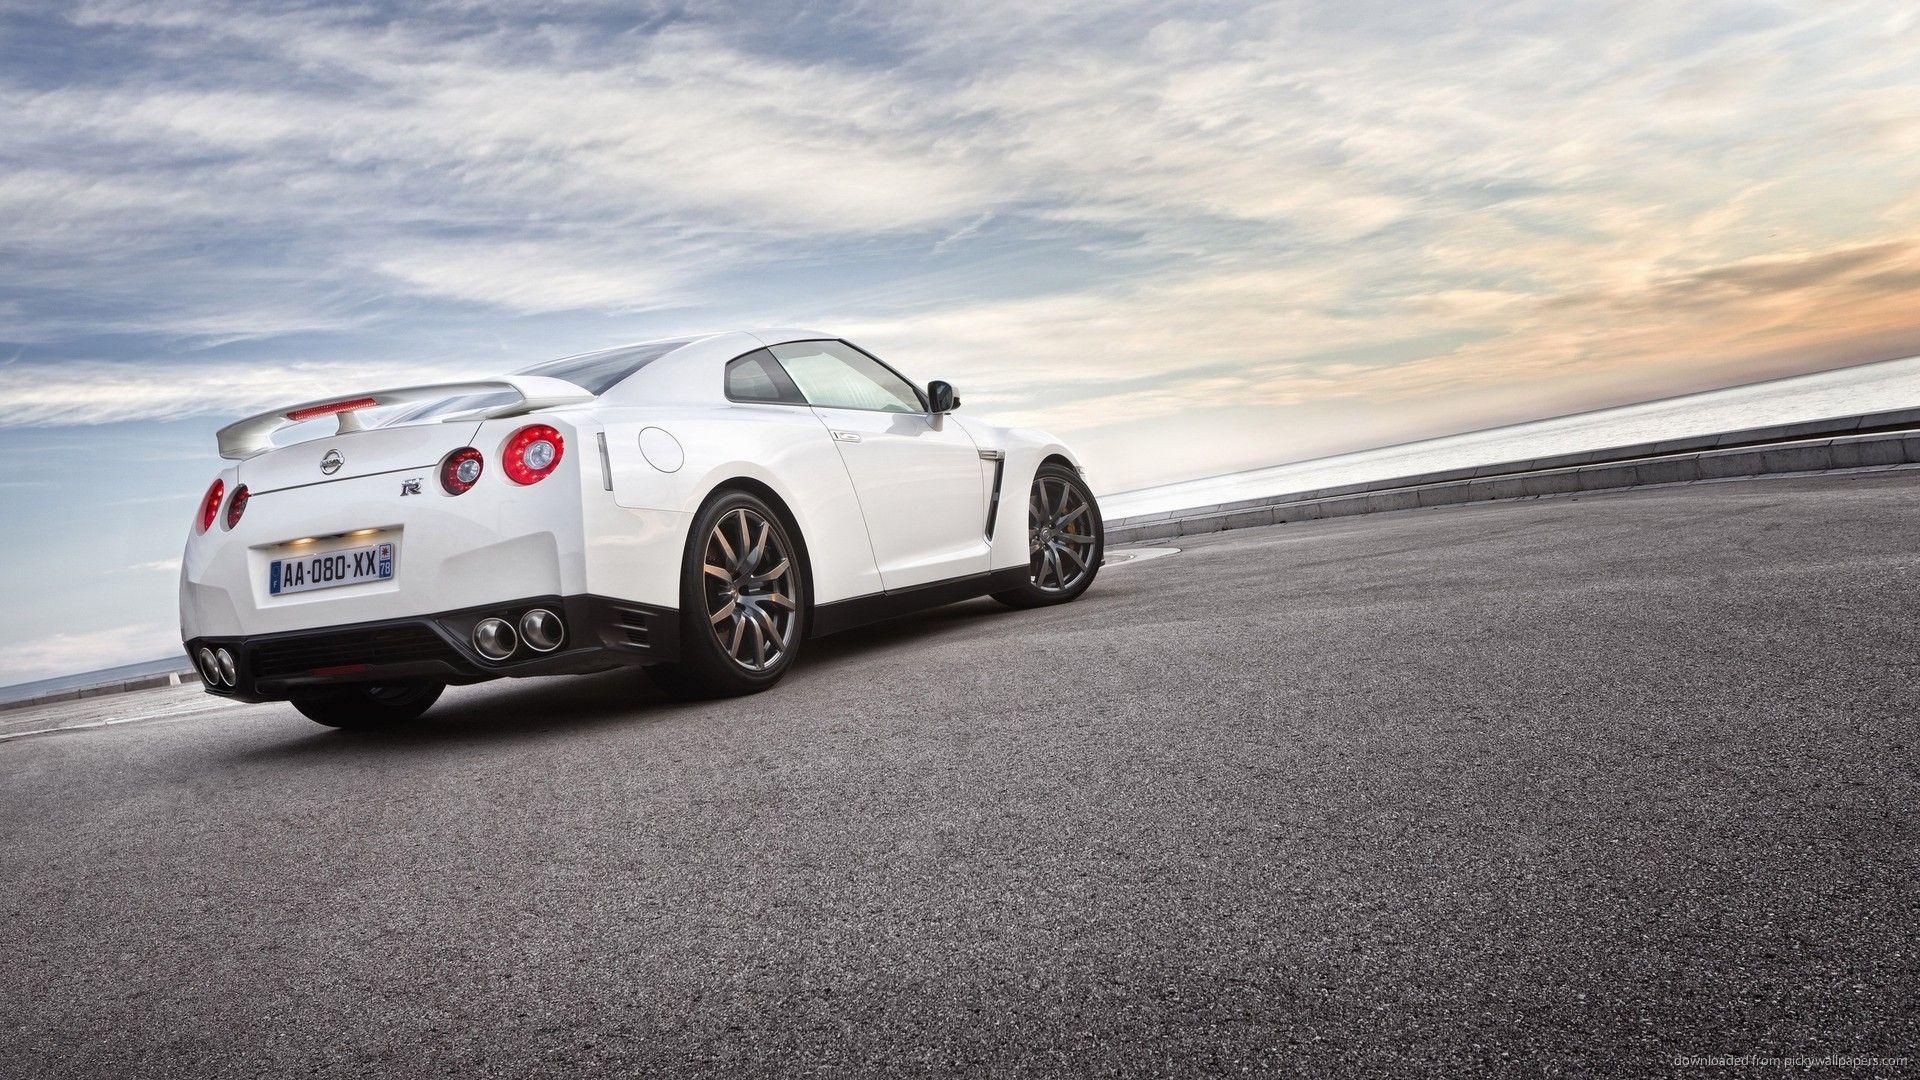 Nissan nissan deportivos nissan gt r nissan gt r r35 tuning cars - White Gtr Wallpaper High Quality Resolution Vln Cars Pinterest Wallpaper And Cars
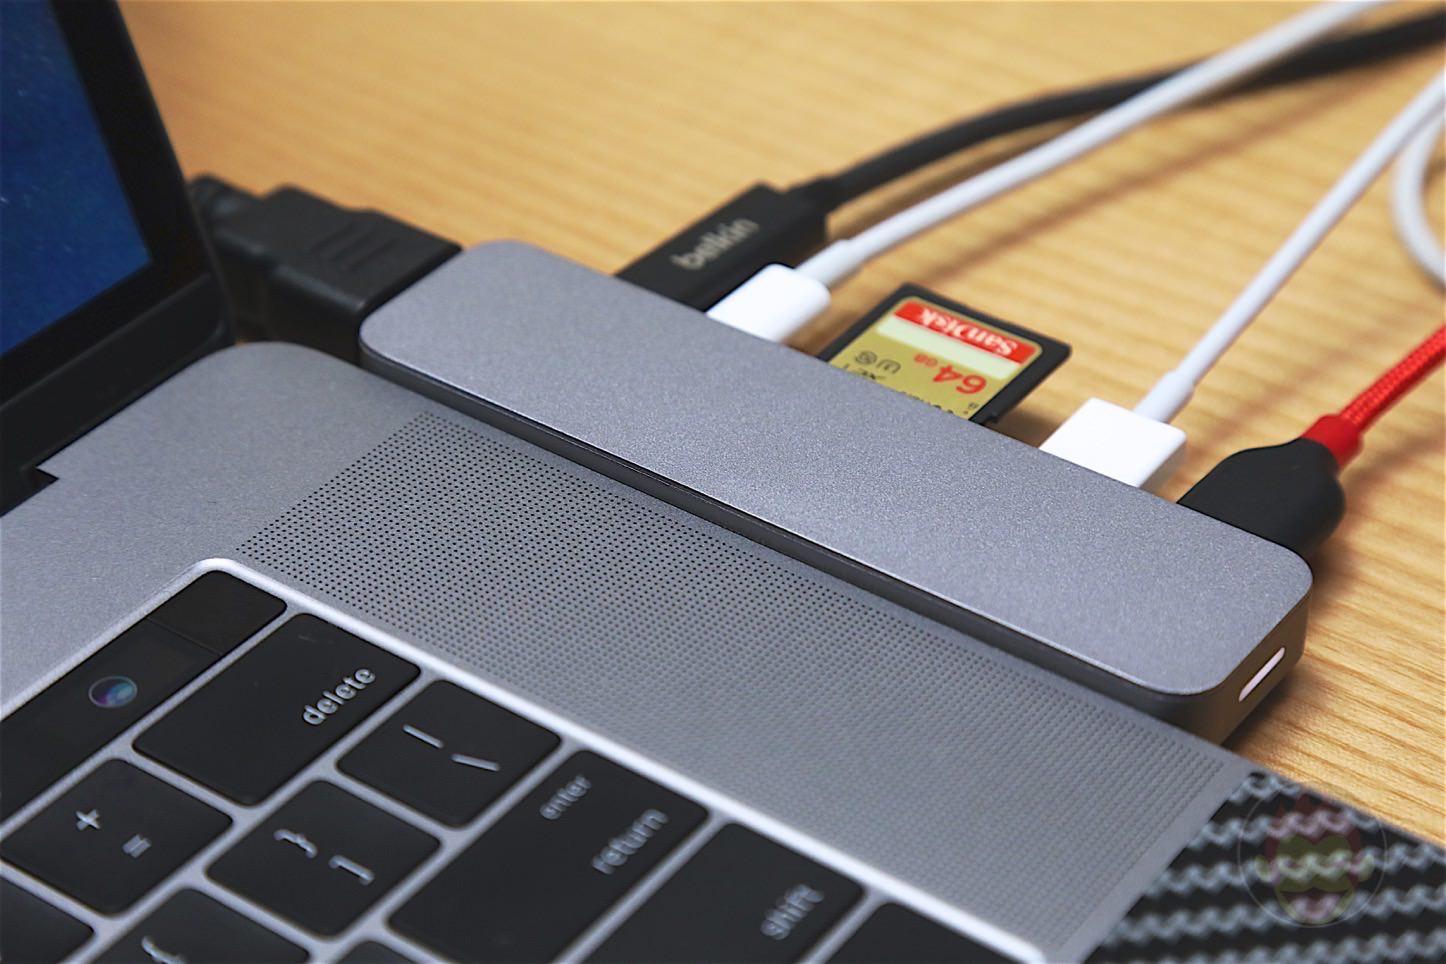 HyperDrive-Thunderbolt3-USBC-Hub-13.jpg
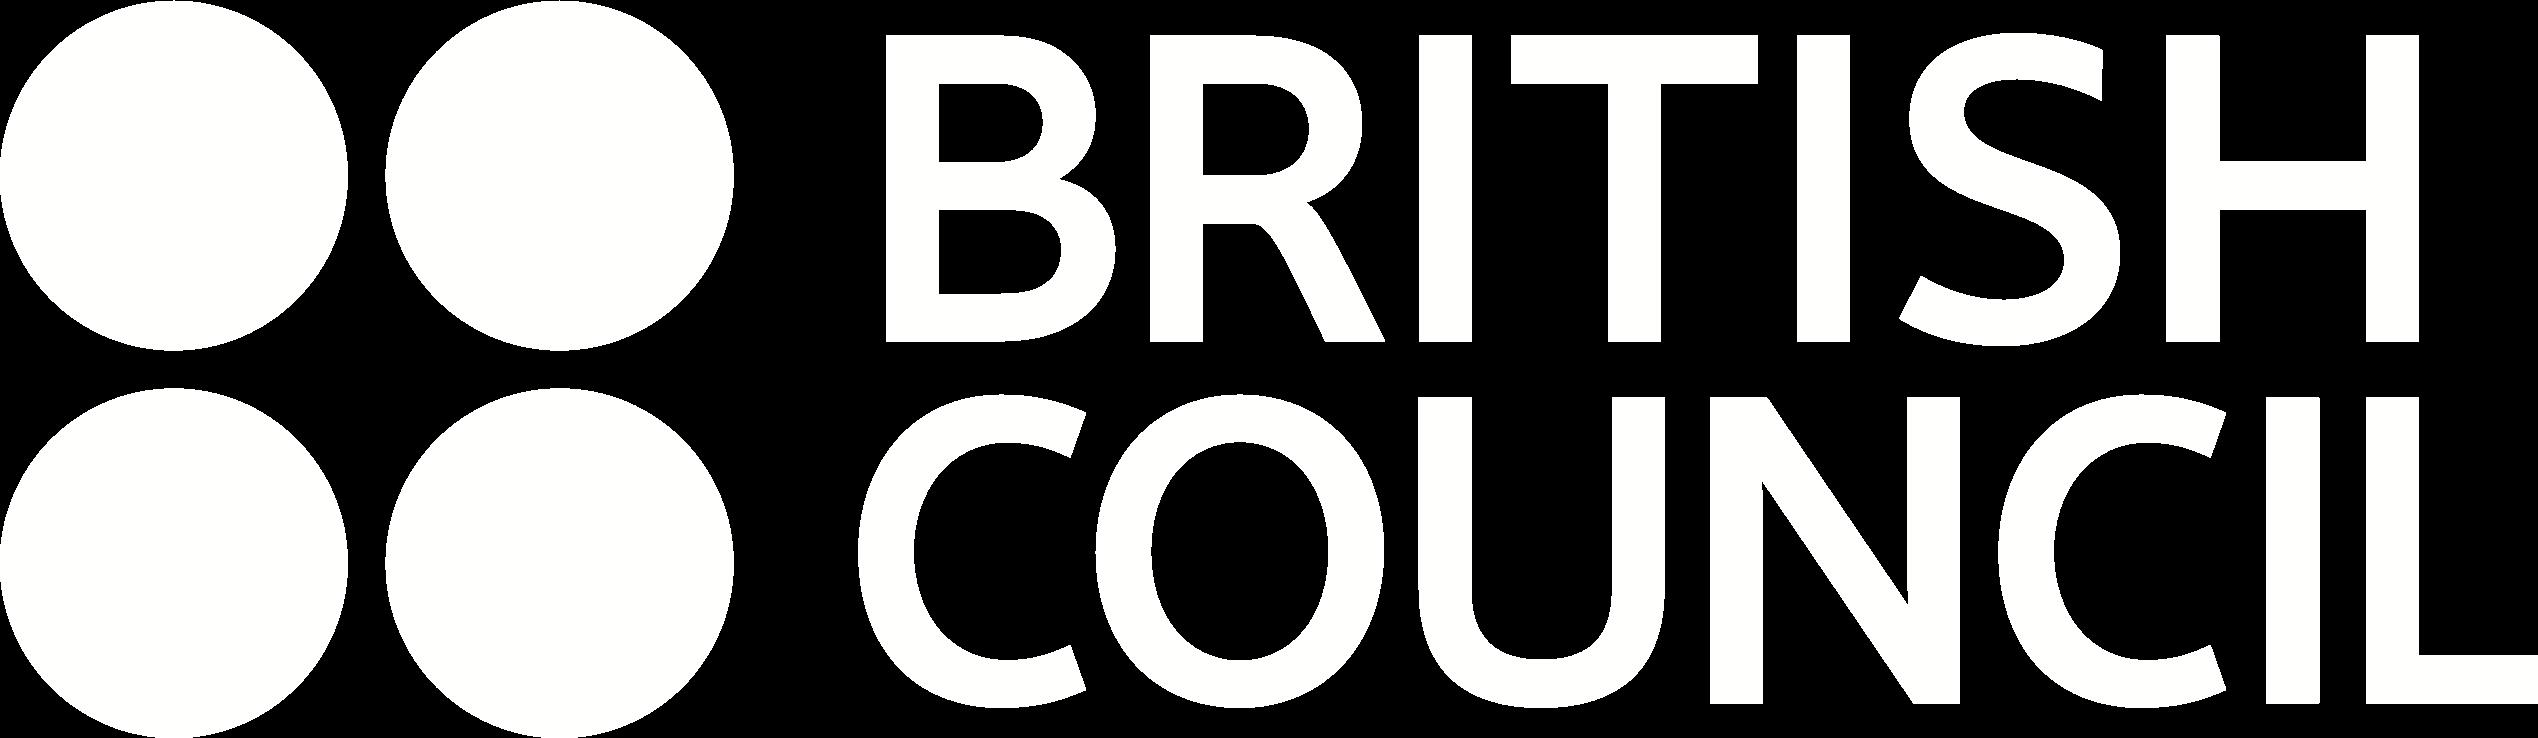 british council logo white
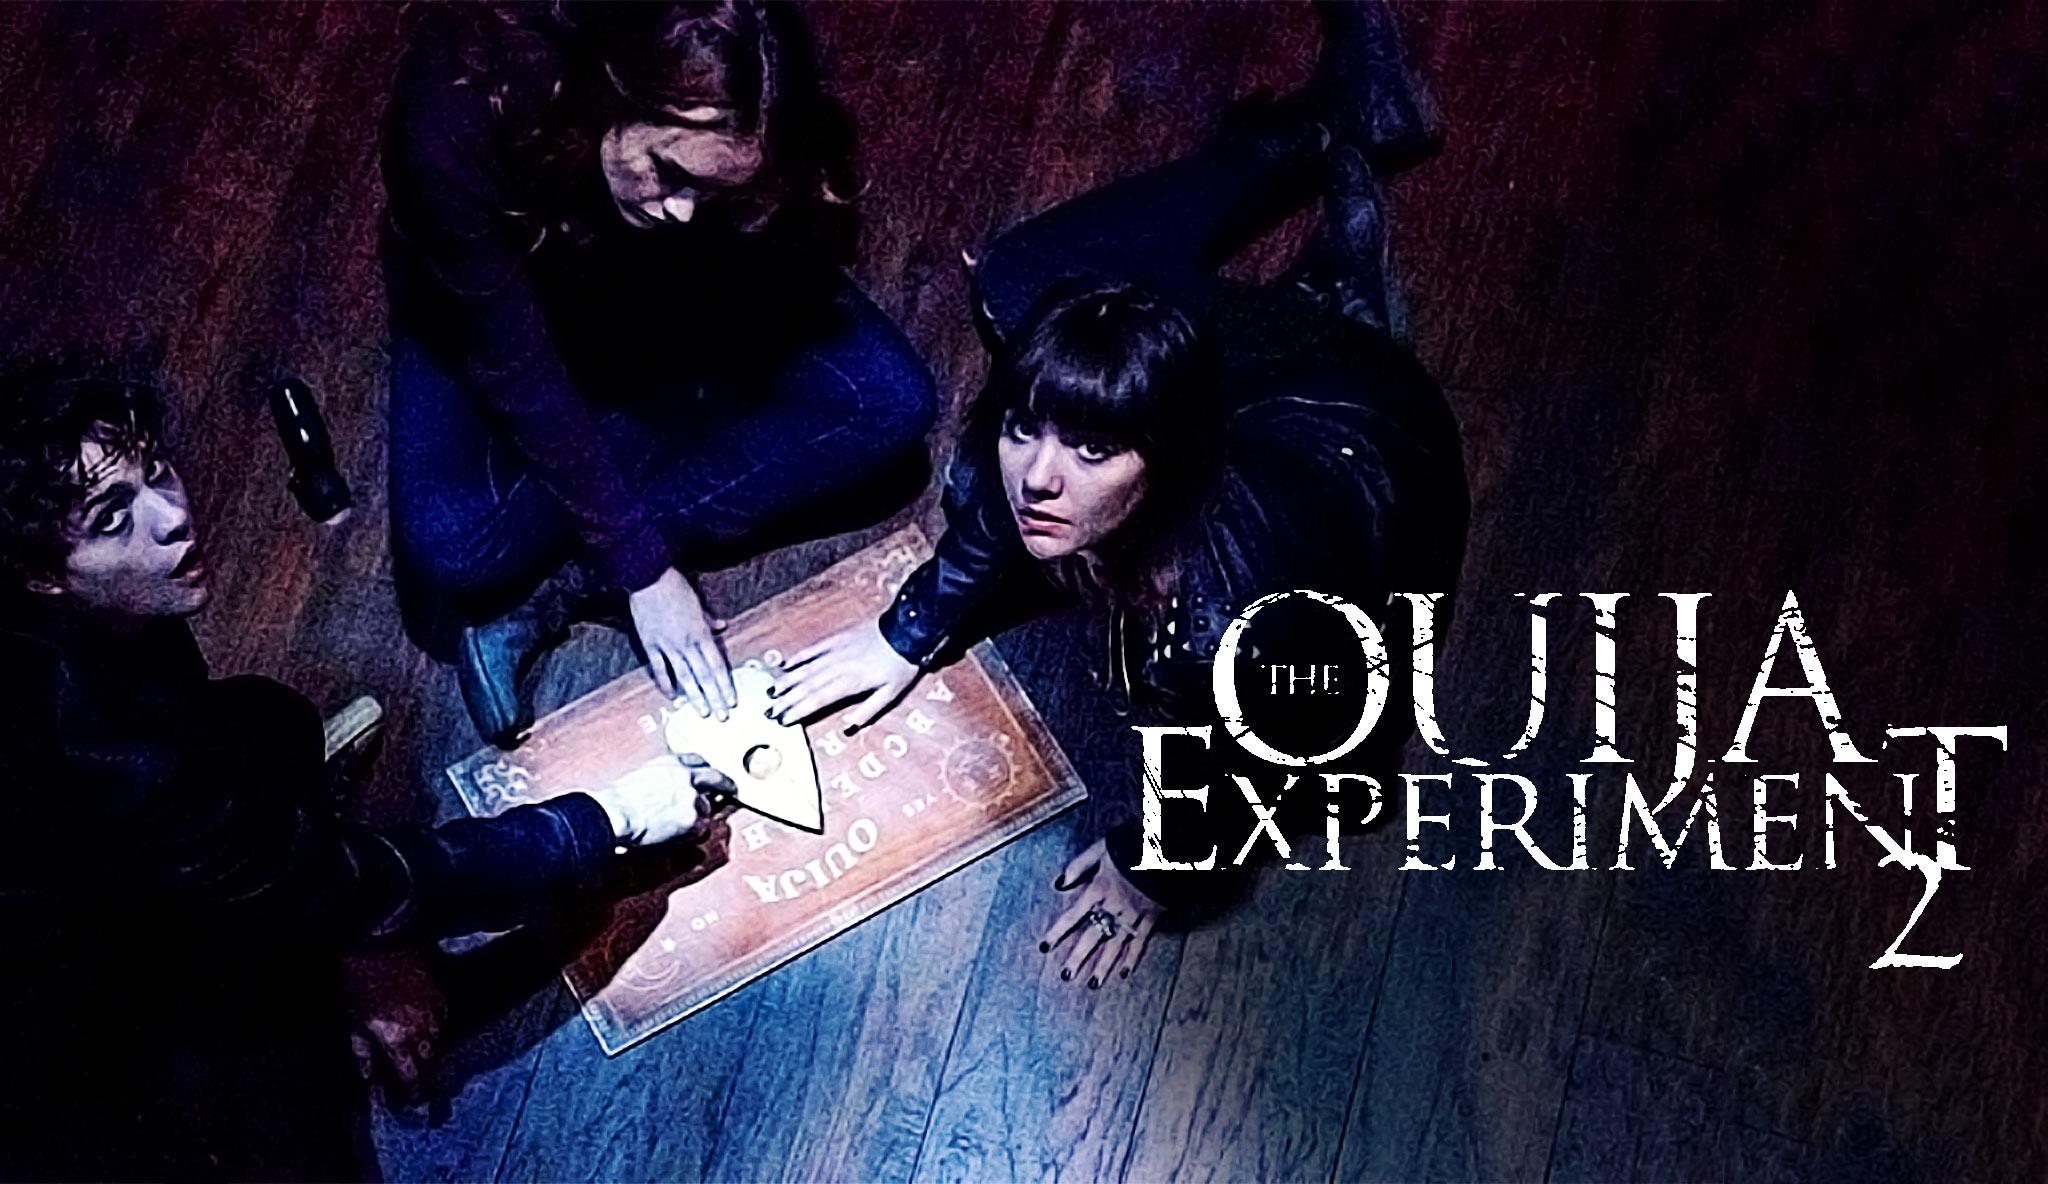 das-ouija-experiment-2-theatre-of-death\header.jpg

# ASSIGNMENT
Line by line, restate the data above exactly as it stands, minus the pictures.

# ANSWER BELOW
 Nissan nissan deportivos nissan gt r nissan gt r r35 tuning cars - White Gtr Wallpaper High Quality Resolution Vln Cars Pinterest Wallpaper And Cars
 HyperDrive-Thunderbolt3-USBC-Hub-13.jpg
 british council logo white
 das-ouija-experiment-2-theatre-of-death\header.jpg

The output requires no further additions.